Thekla Baumgartner: Wegen des begrenzten Platzes müssen wir die Bücher sehr gezielt einkaufen. Wir haben dann halt nicht 30 Krimis im Laden, sondern nur zehn. Mittlerweile können wir recht gut abschätzen, was unsere Stammkunden gerne lesen. Wir sind das Bindeglied zwischen der Flut an Büchern, die auf dem Markt erscheinen und der Beratung, die wir dem Leser vermitteln.

Sie nehmen sich
viel Zeit für Kundenberatung …
Die Arbeit des Buchhändlers verlangt die Auseinandersetzung mit den Werken. Ich versuche, mir möglichst viel Wissen über ein Buch oder einen Autor anzueignen. Der kleine Buchladen erzeugt eine vertraute Atmosphäre, ermöglicht eine persönliche Auseinandersetzung mit einer Thematik, da gibt es keine Routineabfertigung.
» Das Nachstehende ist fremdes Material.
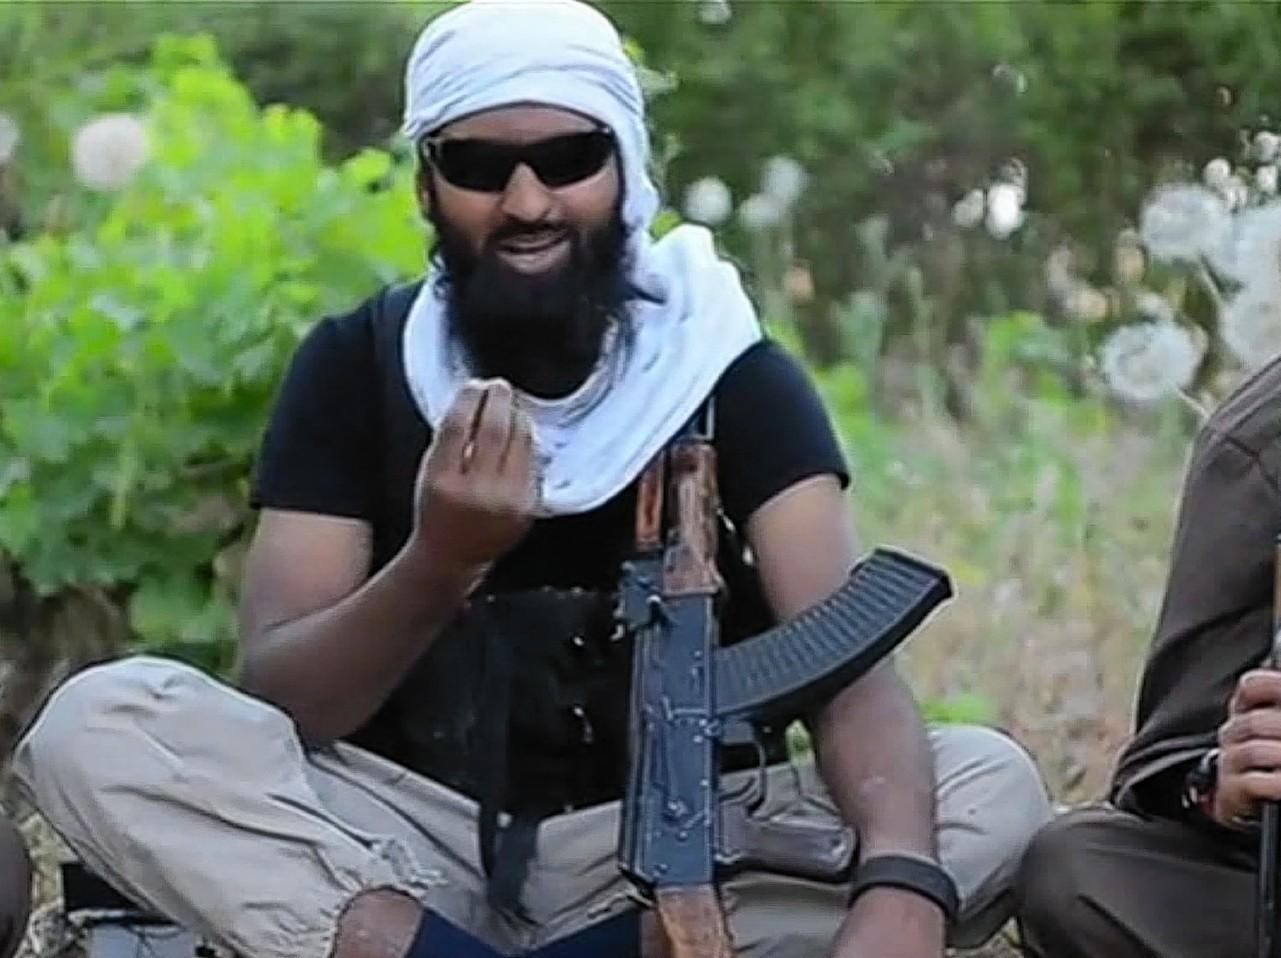 Abdul Rakib Amin, the north-east man who fled to join ISIS

Gewiss ist es auch das, weshalb wir seit 25 Jahren bestehen.

Was lesen Sie selbst gerne?
Ich bin eine Querleserin und kann vielen Büchern was abgewinnen, gerne Belletristik, Romanen, Lyrik, Sachbüchern. Ein „gutes“ Buch nimmt mich mit in neue Sichtweisen und Thematiken und bereichert mein Leben in mannigfaltigen Facetten. Was Autoren betrifft, bin ich vielseitig, egal ob Klassik oder Moderne, aber immer wieder gerne Ransmayr und Dostojewski.
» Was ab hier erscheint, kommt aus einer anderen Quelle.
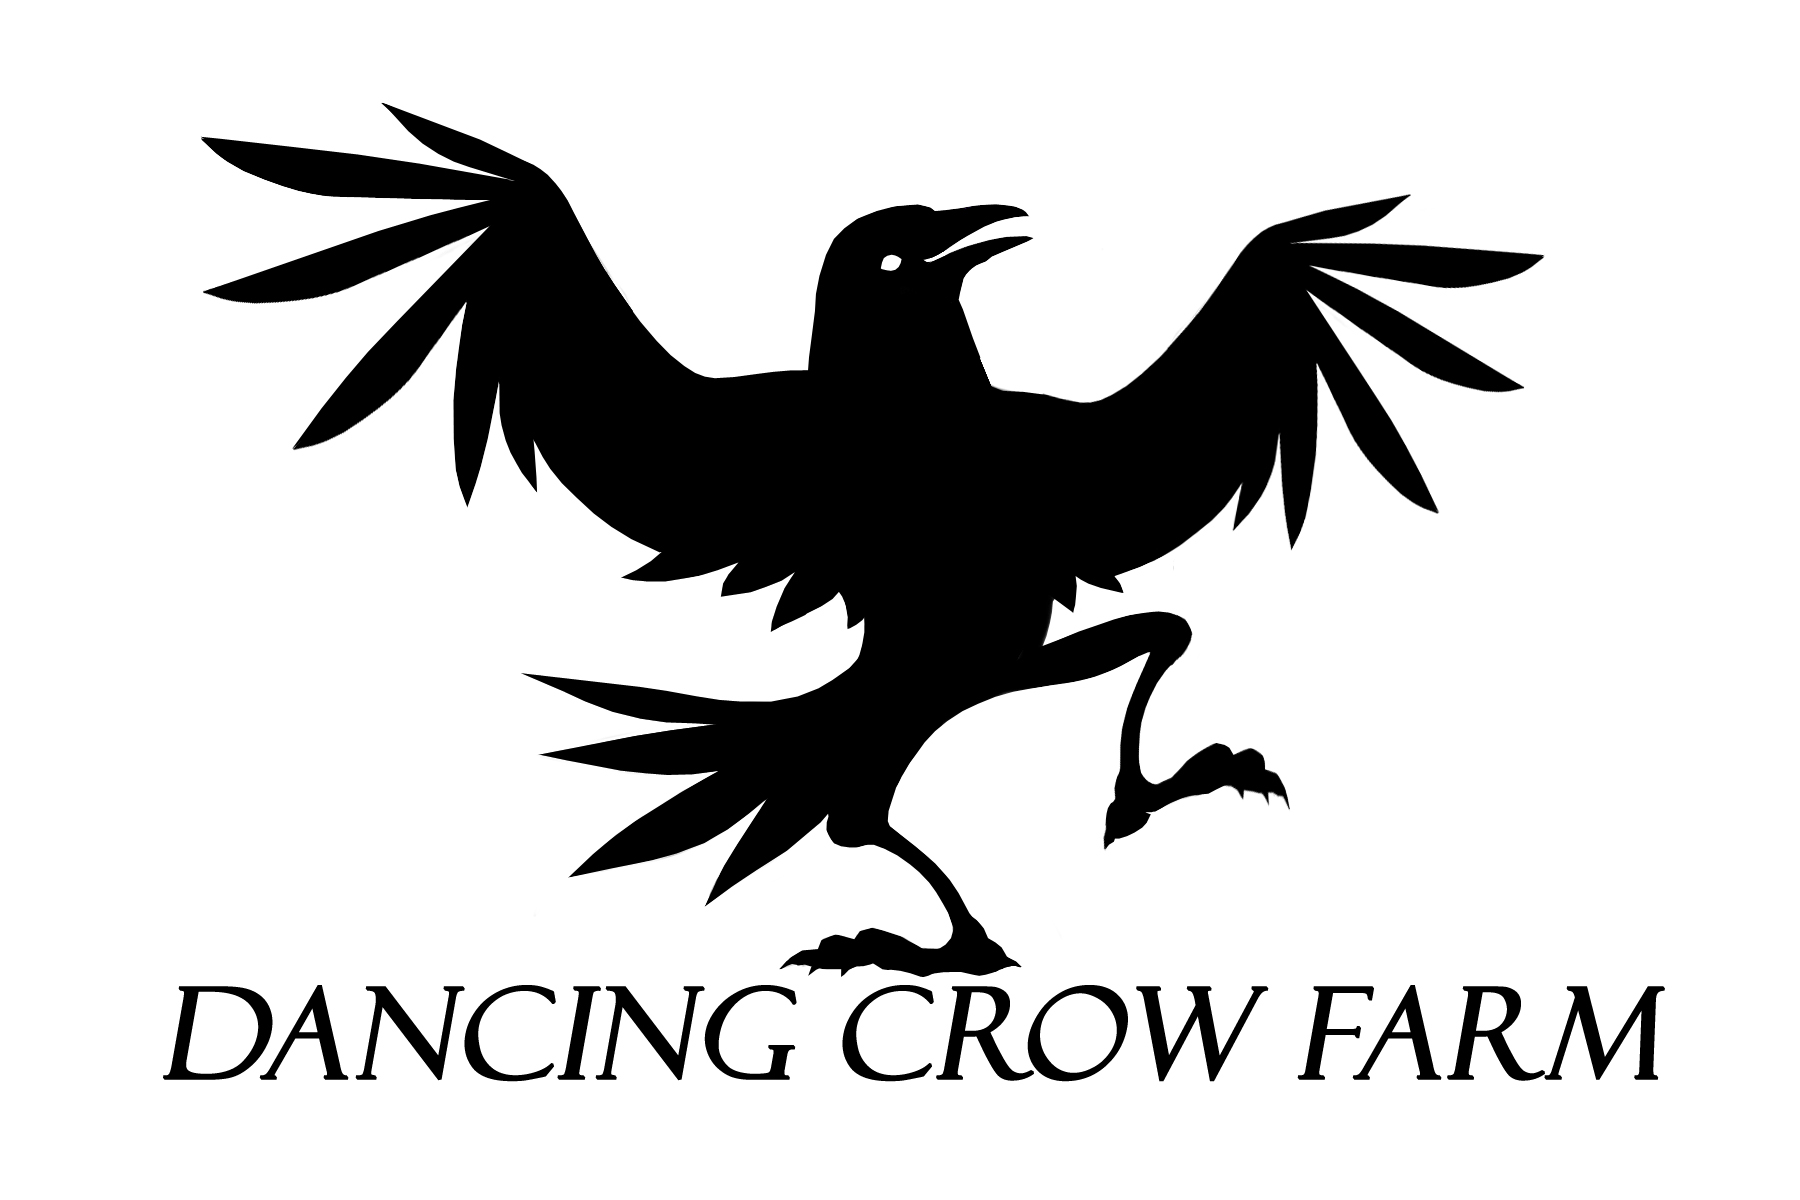 Dancing_Crow_Farm_Crow_Black_wText_Reverse.jpg

Hat das gedruckte Buch noch eine Zukunft?
Durch die schnelllebige Zeit und Unmengen an Geschriebenem in sozialen Medien werden Print-Ausgaben generell weniger gelesen. Zeitungen verschwinden, Buchläden ebenso. Gedruckte Bücher wird es aber weiterhin geben. Ich denke, wir brauchen nicht immer mehr Bücher, sondern sogar weniger, nämlich gut kuratierte, gut geschriebene, lesbare und gut gestaltete, mit inhaltlichem Wert. Bücher sind kostbare Schätze.